*Try it:* All the data should be repeated exactly. Any image in it is left out.

Data extract section start

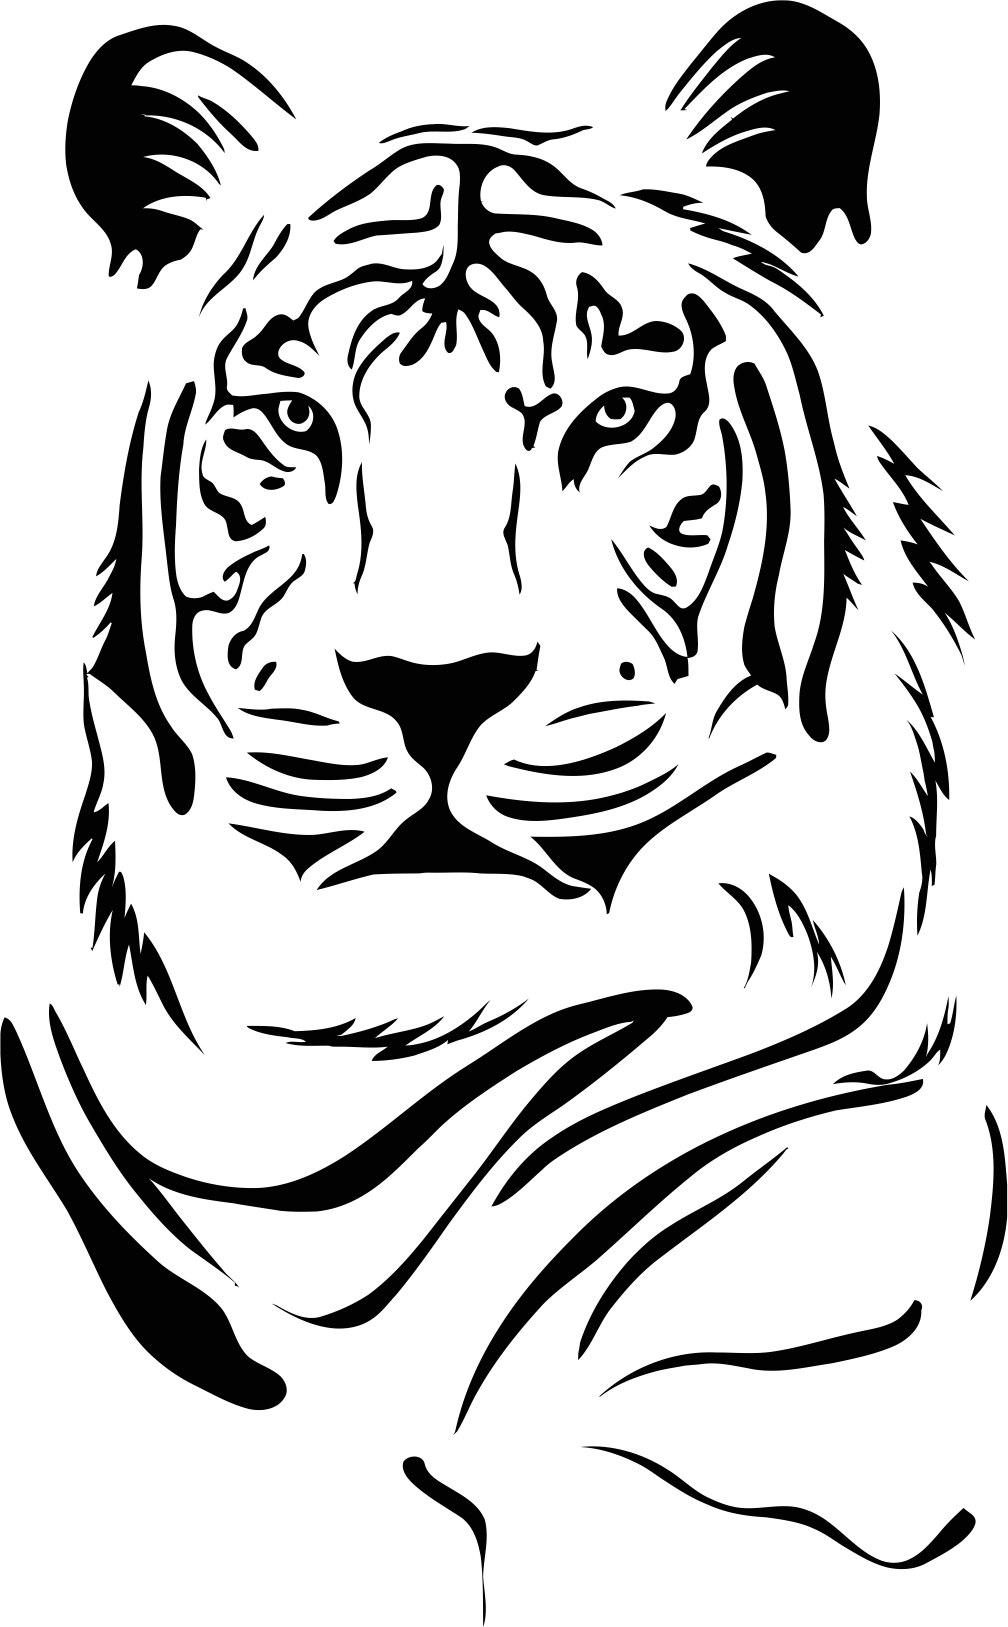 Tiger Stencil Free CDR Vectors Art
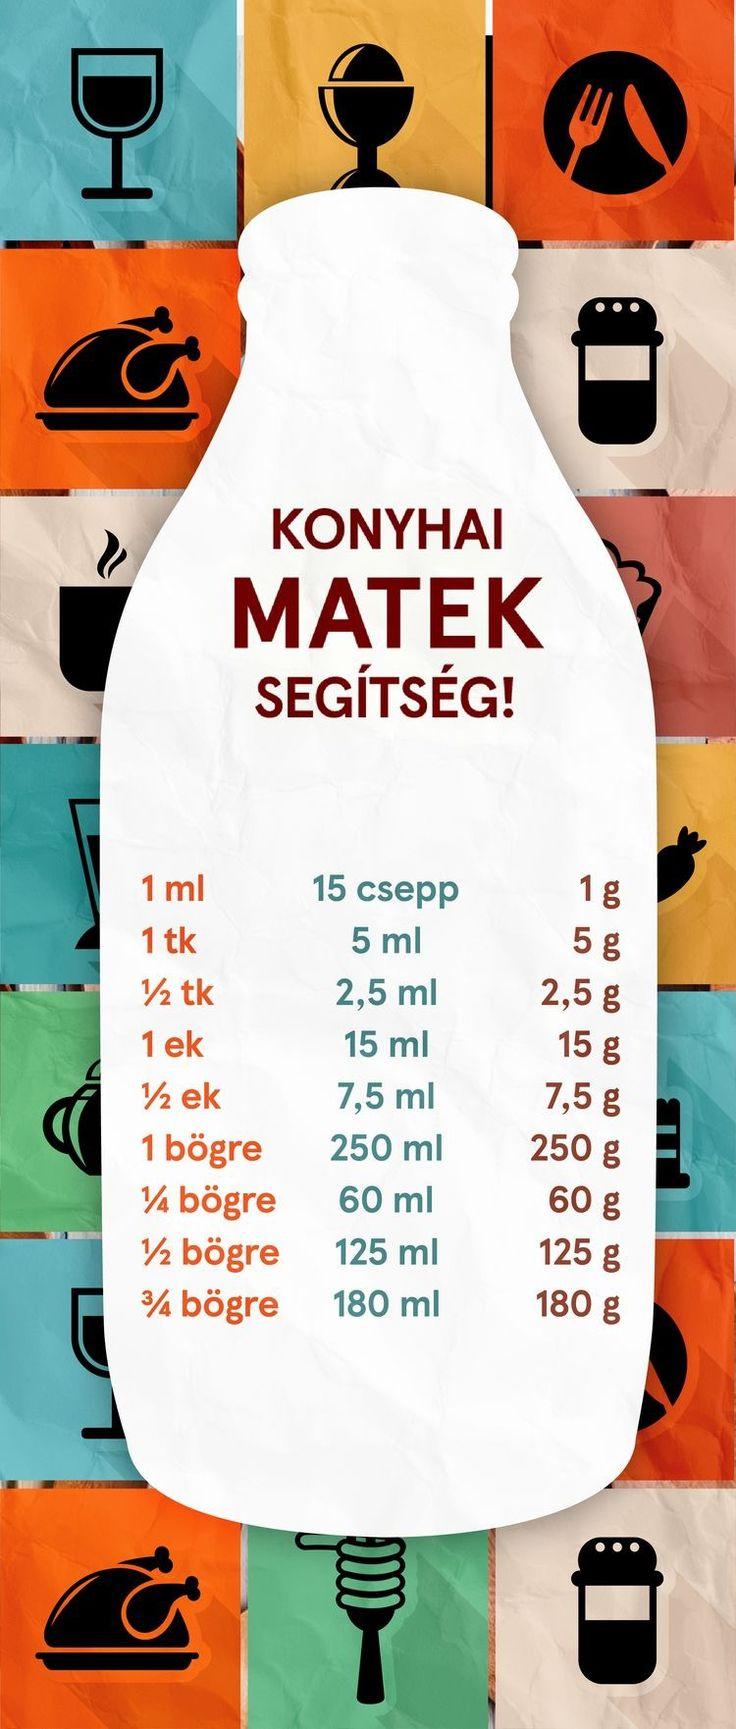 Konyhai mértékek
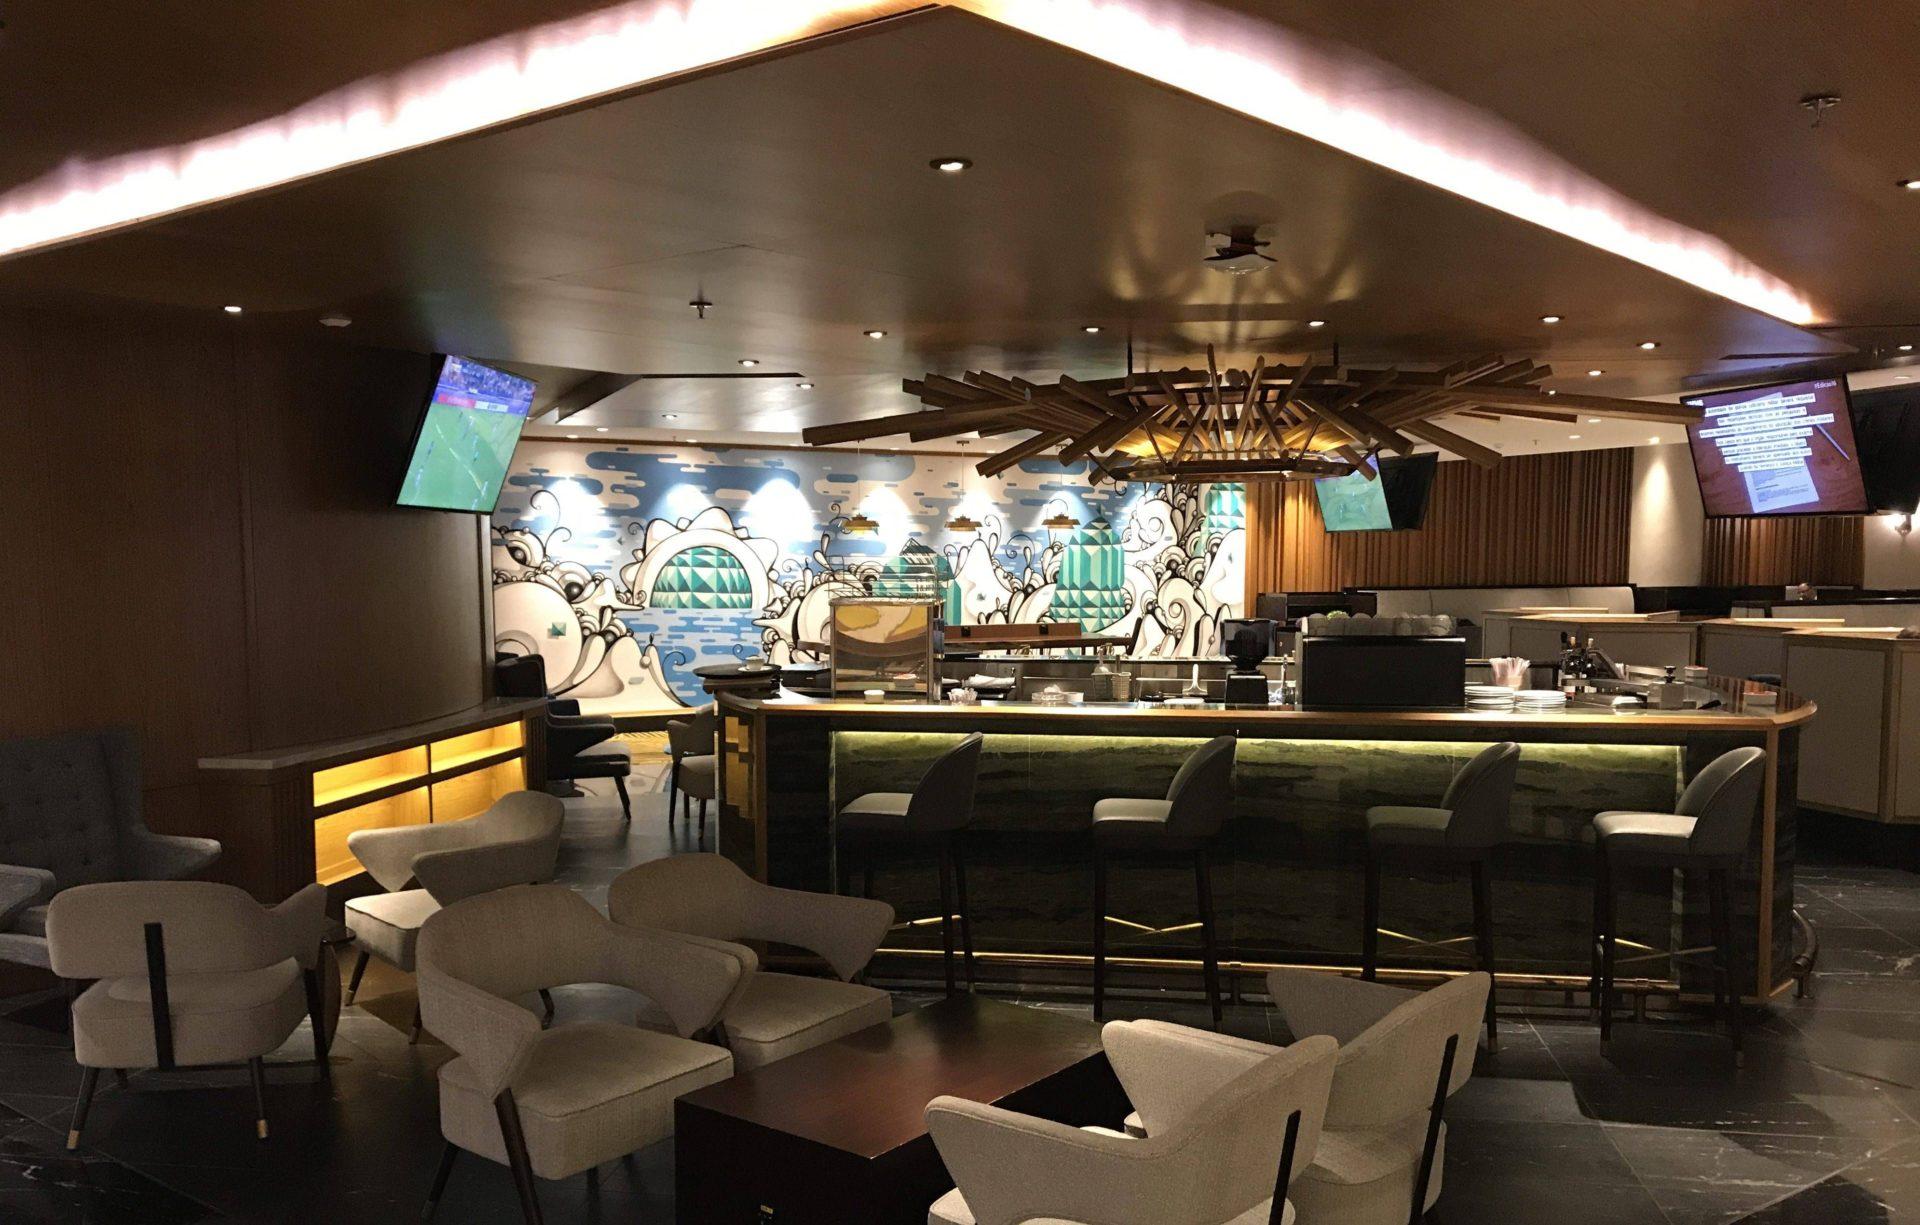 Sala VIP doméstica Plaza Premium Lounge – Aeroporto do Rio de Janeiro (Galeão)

Data extract section end

*Response below:*
 Tiger Stencil Free CDR Vectors Art
 Konyhai mértékek
 Sala VIP doméstica Plaza Premium Lounge – Aeroporto do Rio de Janeiro (Galeão)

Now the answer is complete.